[chrony-dev] Re: Are there known issues in destructive tests on arm64 or ppc64 |
[ Thread Index | Date Index | More chrony.tuxfamily.org/chrony-dev Archives ]
Hi Christian, On 2019-12-06T10:21+0100, Christian Ehrhardt wrote:
Hi chrony-dev, chrony is tested in Debian/Ubuntu on any update of related packages and while that was running I found that arm64 and ppc64 reproducibly hang [1][2]. OTOH arm64 and s390x reproducibly work.
^^^^^ I guess you mean amd64 here‽
Unfortunately the tests do not leave any reasonable debug output, the tests run:debian/tests/upstream-system-tests -d 1[0-9][0-9]-* Which is this script [3] that runs ./run of the system tests. The tests seem to hang without output until the environment kills them for a timeout. For now I changed in Ubuntu and suggested in Debian to disable those tests [4], but in the long run I'd want to understand what exactly is failing and how we could re-enable the tests on those platforms.
Note that this is not an issue for Debian as our CI don’t yet support running autopkgtest for tests requiring a VM, which is the case for destructives tests.
I was trying to reproduce on a Ubuntu @ ppc64 environment that should be the same as the one used in the tests. Running the tests there just hung as well (the system is still available if there are questions).
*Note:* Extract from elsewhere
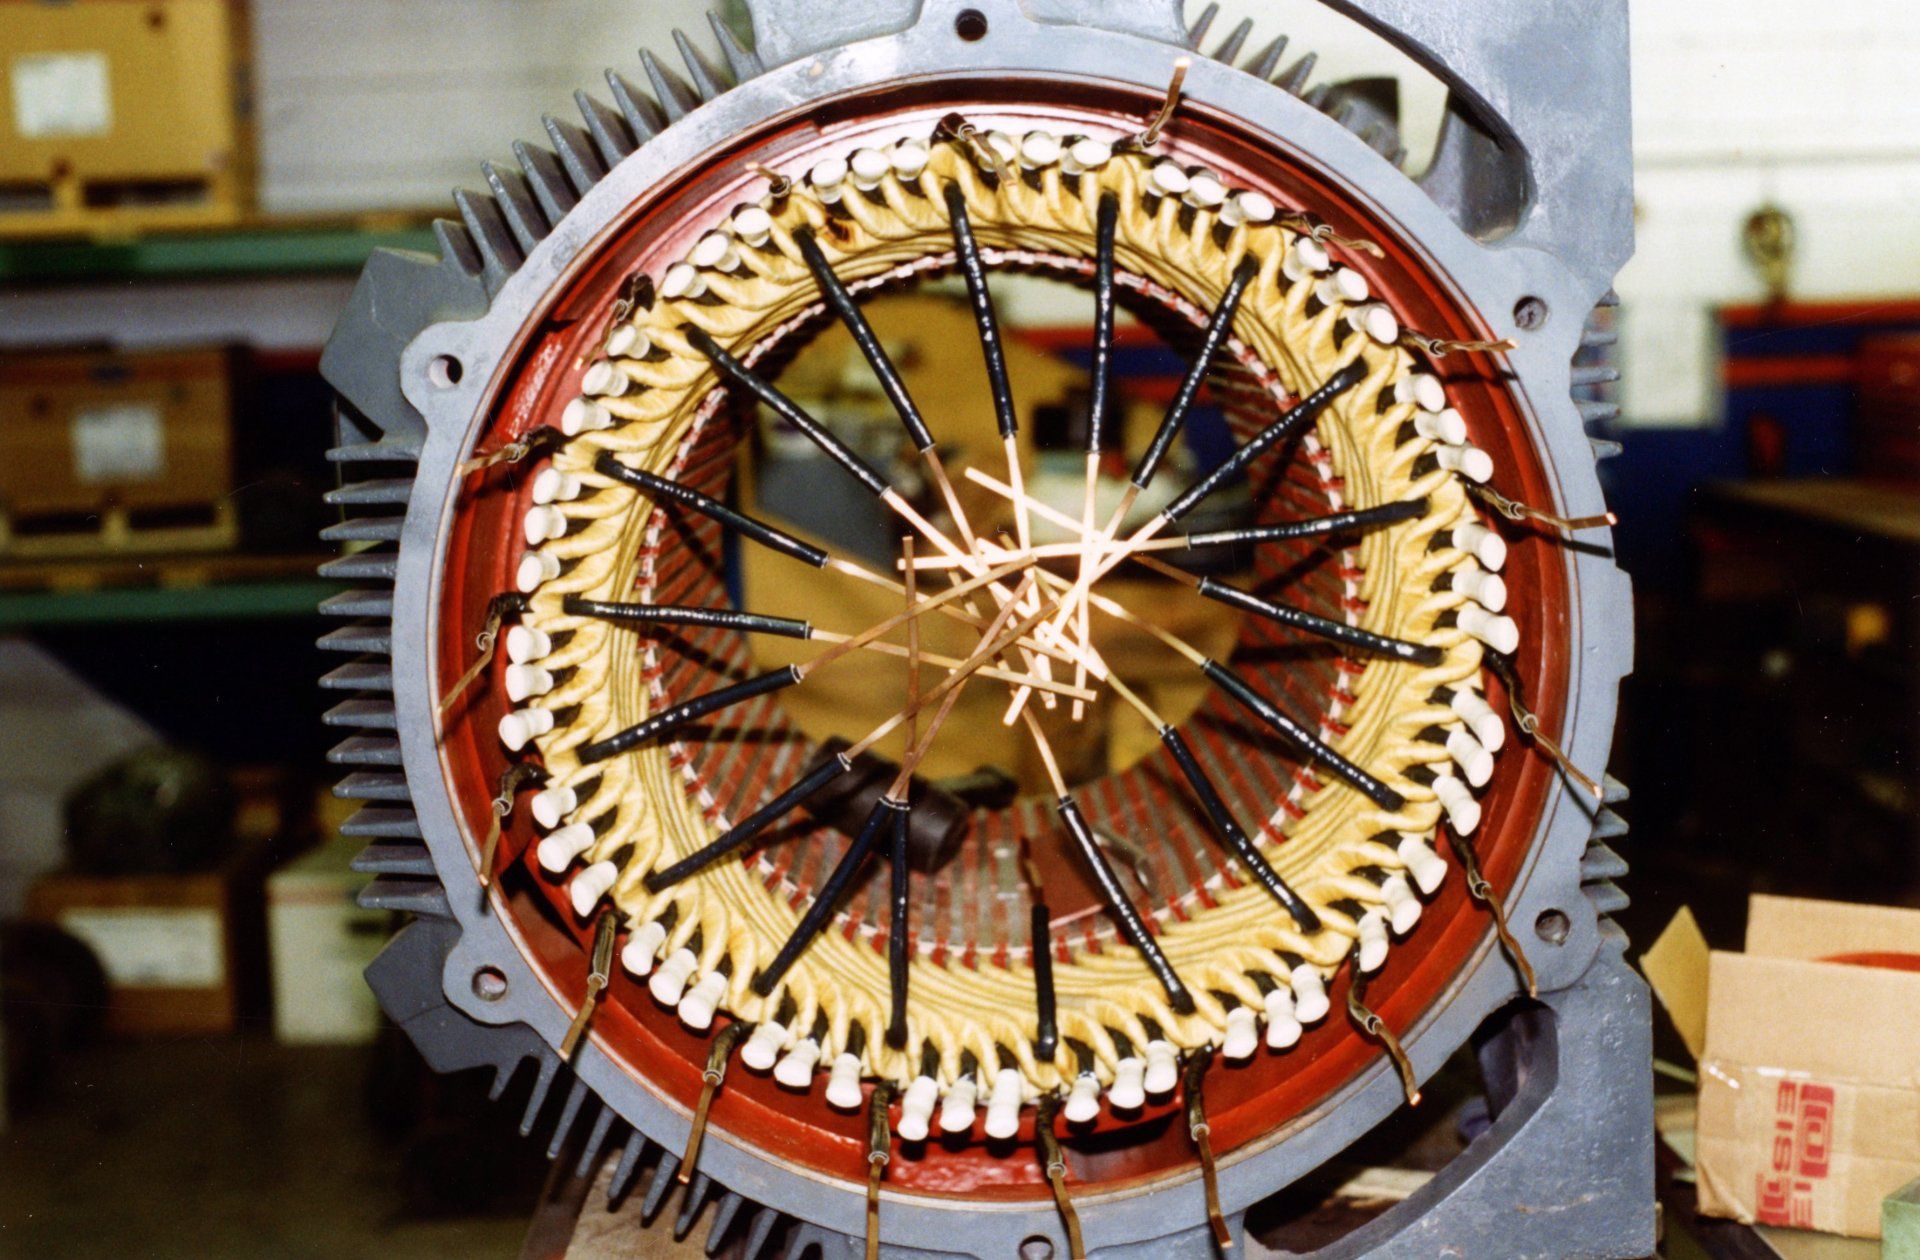 Motor rebuilds — Rewinding an Electric Motor in Sparks, NV

What I see is this: 100-clockupdate Testing update of system clock: non-default settings: clock_control=1 minimal_config=1 starting chronyd OK running chronyc dfreq 1e-3 OK checking chronyc output OK running chronyc doffset -1.0 OK checking chronyc output OK running chronyc makestep OK checking chronyc output OK checking system clock OK running chronyc doffset 1.0 OK running chronyc makestep OK stopping chronyd OK checking chronyd messages OK checking message "System clock was stepped by" OK PASS 101-rtc Testing real-time clock: non-default settings: extra_chronyd_directives=rtcfile /home/ubuntu/chrony-3.5/test/system/tmp/rtcfile extra_chronyd_options=-s minimal_config=1 starting chronyd And here it hangs, not sure why that didn't make it out of the buffers on the other test runs. When I check the processes I see: 0 1000 2231 2230 20 0 12608 7616 do_wai Ss pts/0 0:00 \_ -bash 4 0 12433 2231 20 0 16576 10048 - S+ pts/0 0:00 \_ sudo debian/tests/upstream-system-tests -d 1[0-9][0-9]-* 4 0 12434 12433 20 0 3520 1408 - S+ pts/0 0:00 \_ /bin/sh debian/tests/upstream-system-tests -d 1[0-9][0-9]-* 0 0 12435 12434 20 0 11136 5632 - S+ pts/0 0:00 \_ bash ./run -d 1[0-9][0-9]-* 0 0 12506 12435 20 0 11456 6080 - S+ pts/0 0:00 \_ bash ./101-rtc 0 0 12544 12506 20 0 6272 2624 - S+ pts/0 0:00 \_ ../../chronyd -x -l /home/ubuntu/chrony-3.5/test/system/tmp/chronyd.log -f /home/ubuntu/chron 1 0 12545 12544 20 0 0 0 - Zs ? 0:00 \_ [chronyd] <defunct> 1 0 12546 1 20 0 6656 4032 - S ? 0:00 ../../chronyd -x -l /home/ubuntu/chrony-3.5/test/system/tmp/chronyd.log -f /home/ubuntu/chrony-3.5/test/system/tmp/chrony So one process goes defunct and the parent doesn't collect the exit status - can it be so simple? The full commandline of the parent is: ../../chronyd -x -l
Could that be due to the use of “-x”? IFAIR you have extra stuff on Ubuntu about that option.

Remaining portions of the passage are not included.